----- MATERIAL SUPPLIED -----

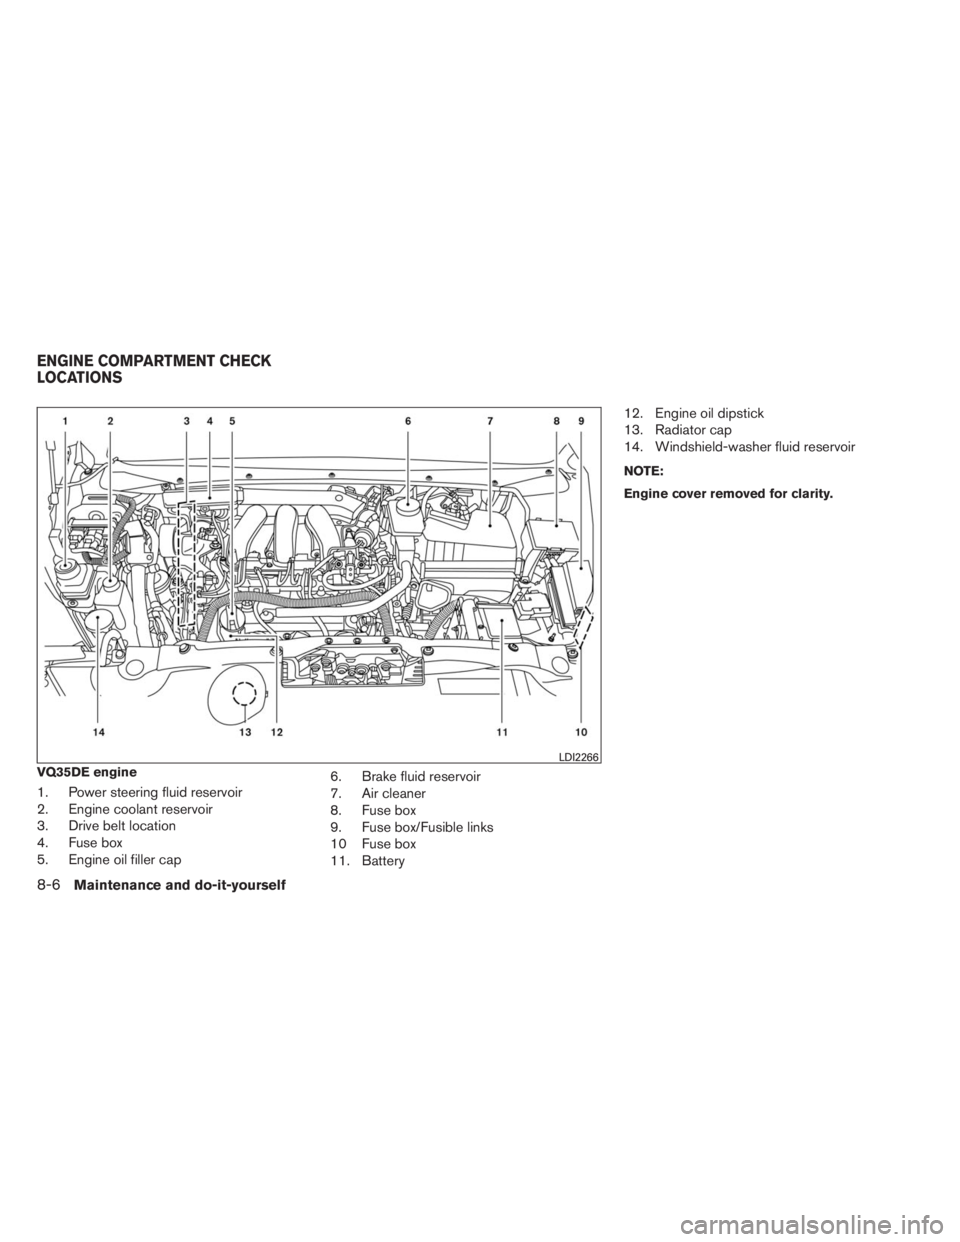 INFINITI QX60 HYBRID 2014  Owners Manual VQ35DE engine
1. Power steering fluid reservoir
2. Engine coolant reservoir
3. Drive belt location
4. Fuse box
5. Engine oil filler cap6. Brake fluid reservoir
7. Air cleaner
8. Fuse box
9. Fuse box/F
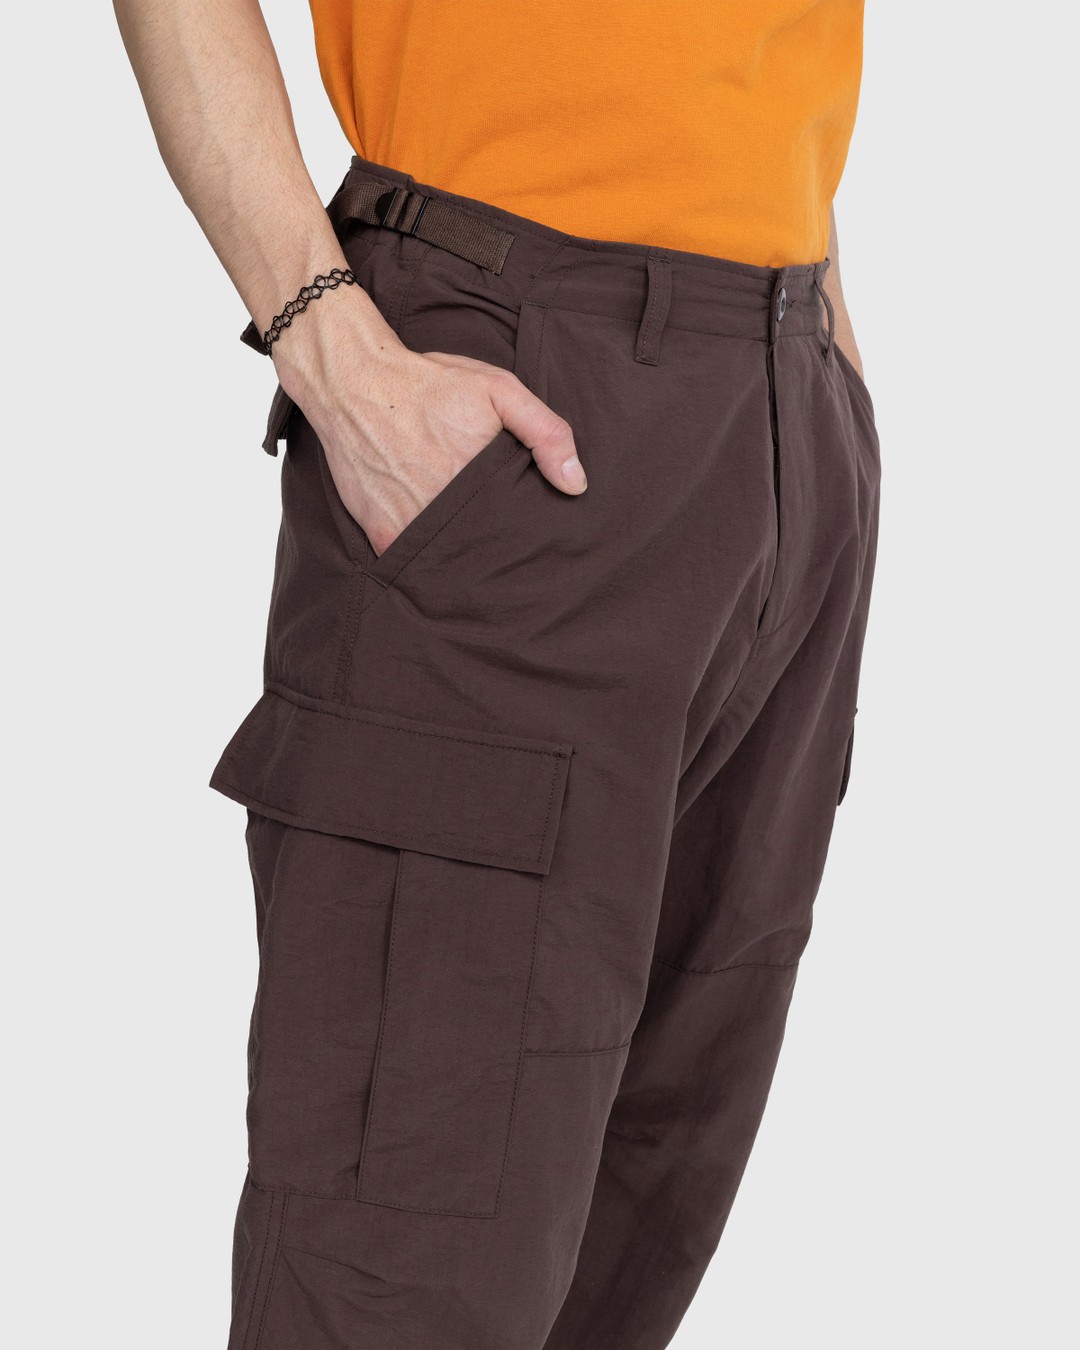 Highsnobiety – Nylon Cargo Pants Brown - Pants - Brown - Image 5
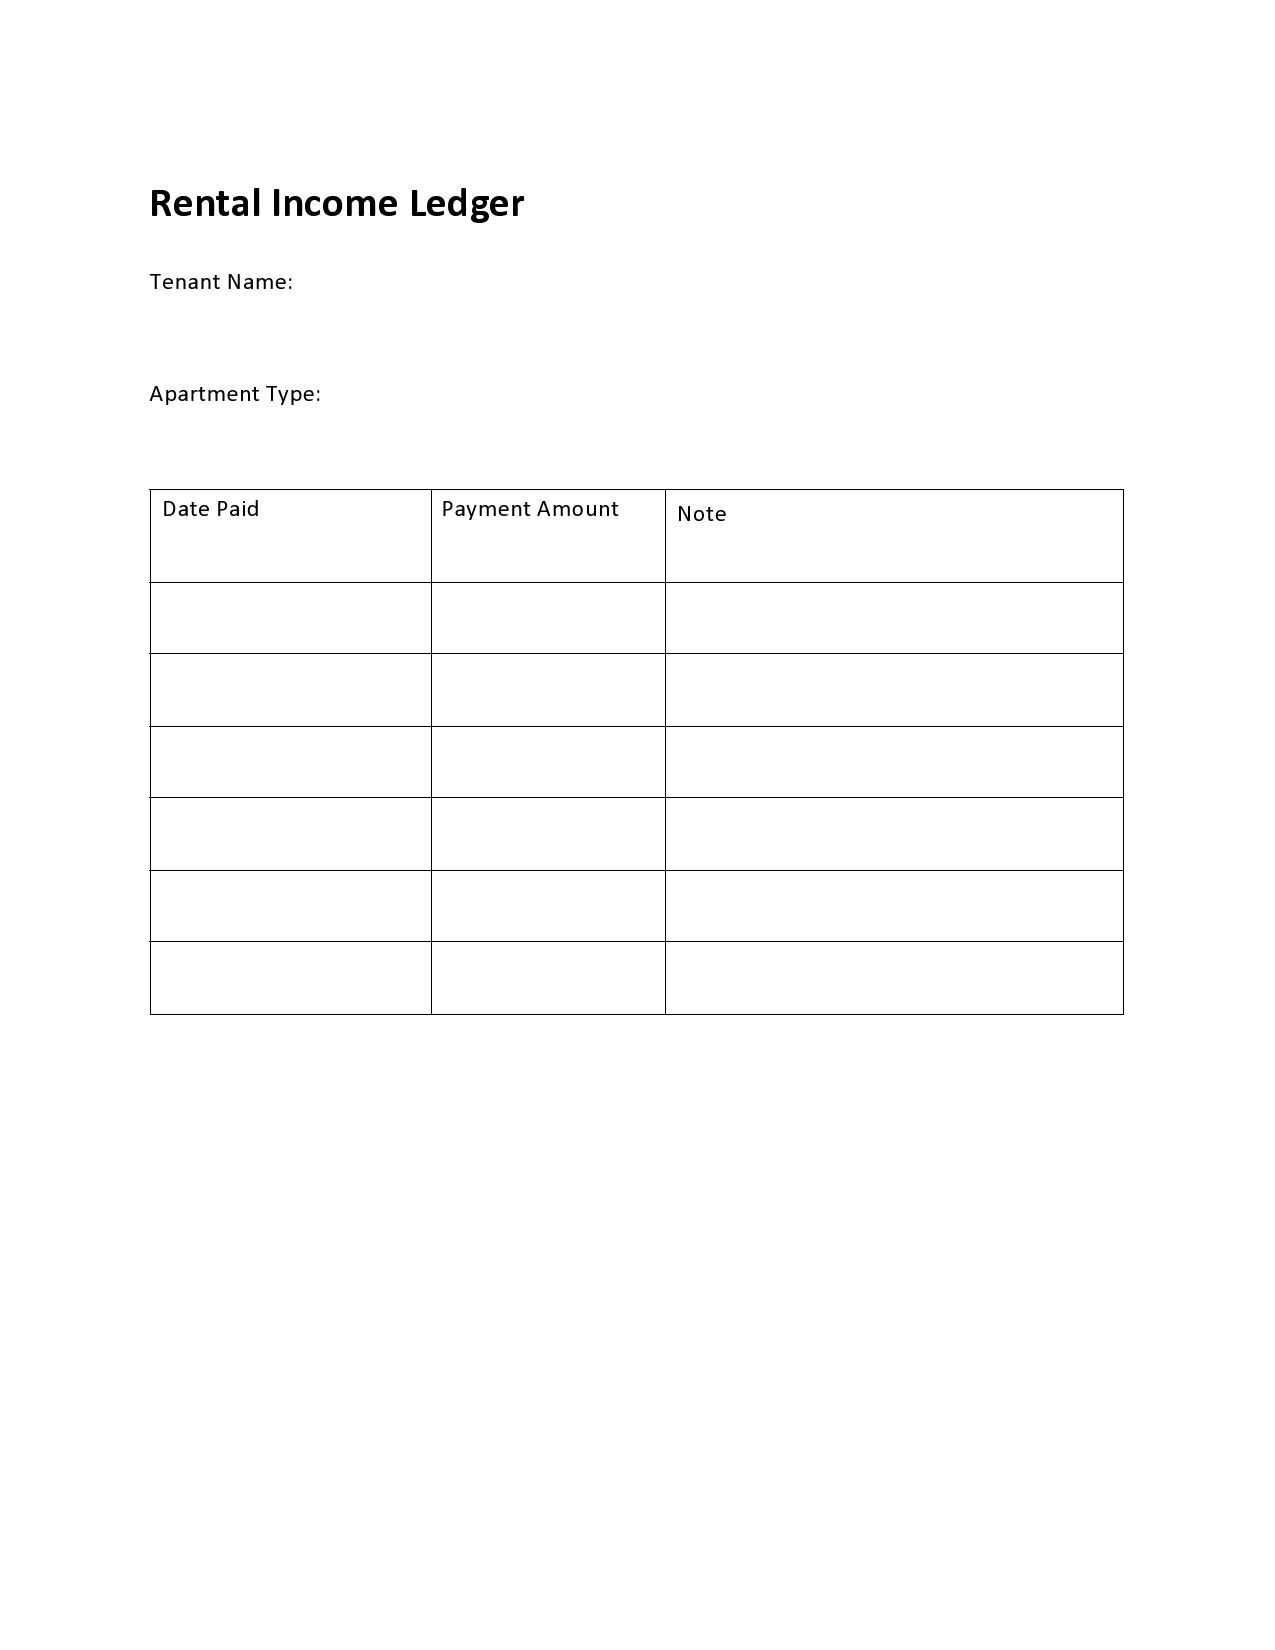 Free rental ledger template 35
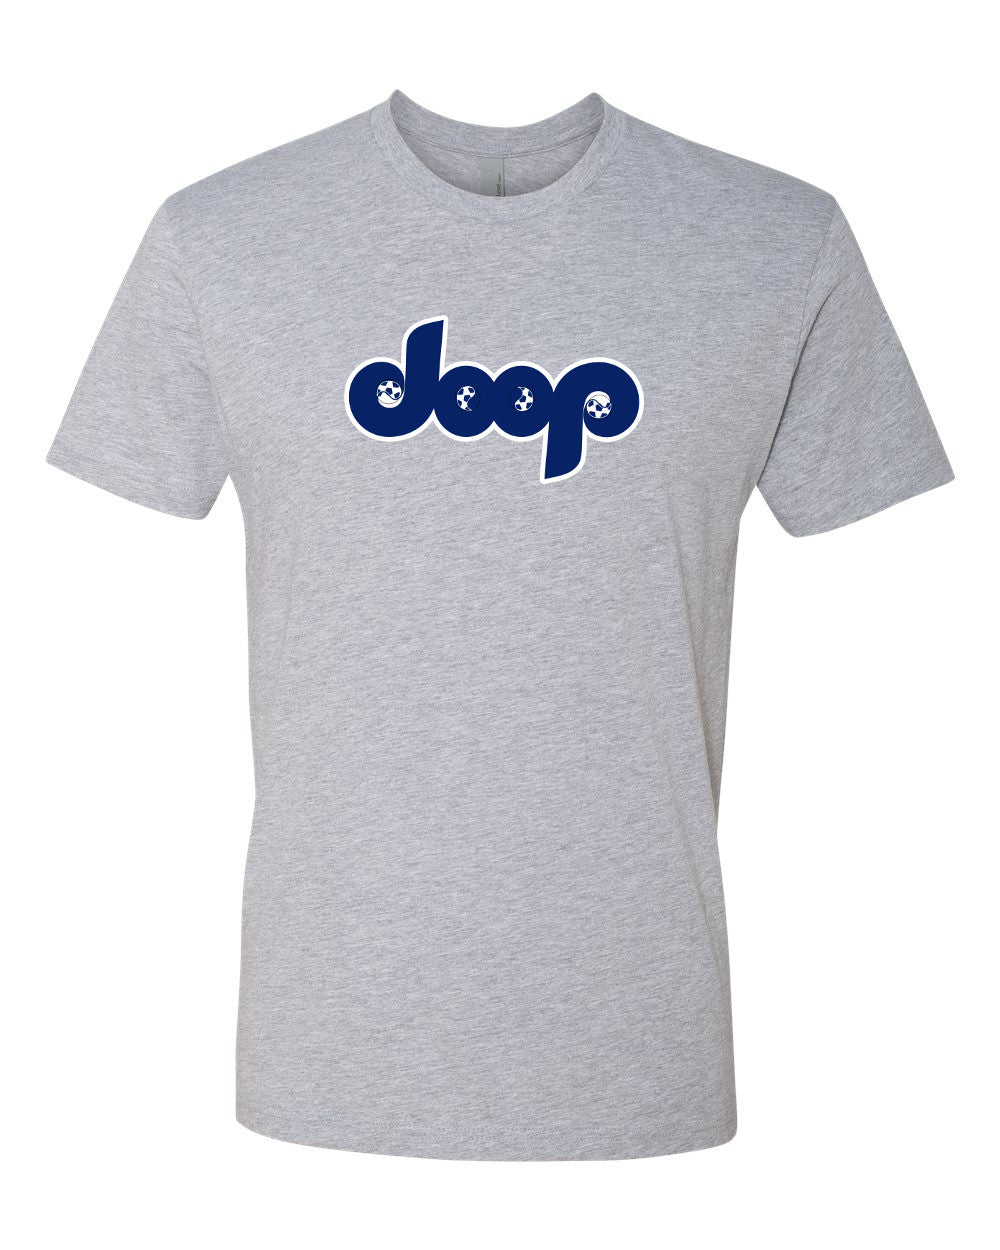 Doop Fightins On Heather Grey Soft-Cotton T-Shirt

-----

▶ DIRECTIONS FOR THIS TASK: A faithful copy is needed of the lines from the one containing "Free rental ledger template 35" through the last line of the data above, with pictures left out.

▶ TASK OUTPUT:
 Free rental ledger template 35
 Doop Fightins On Heather Grey Soft-Cotton T-Shirt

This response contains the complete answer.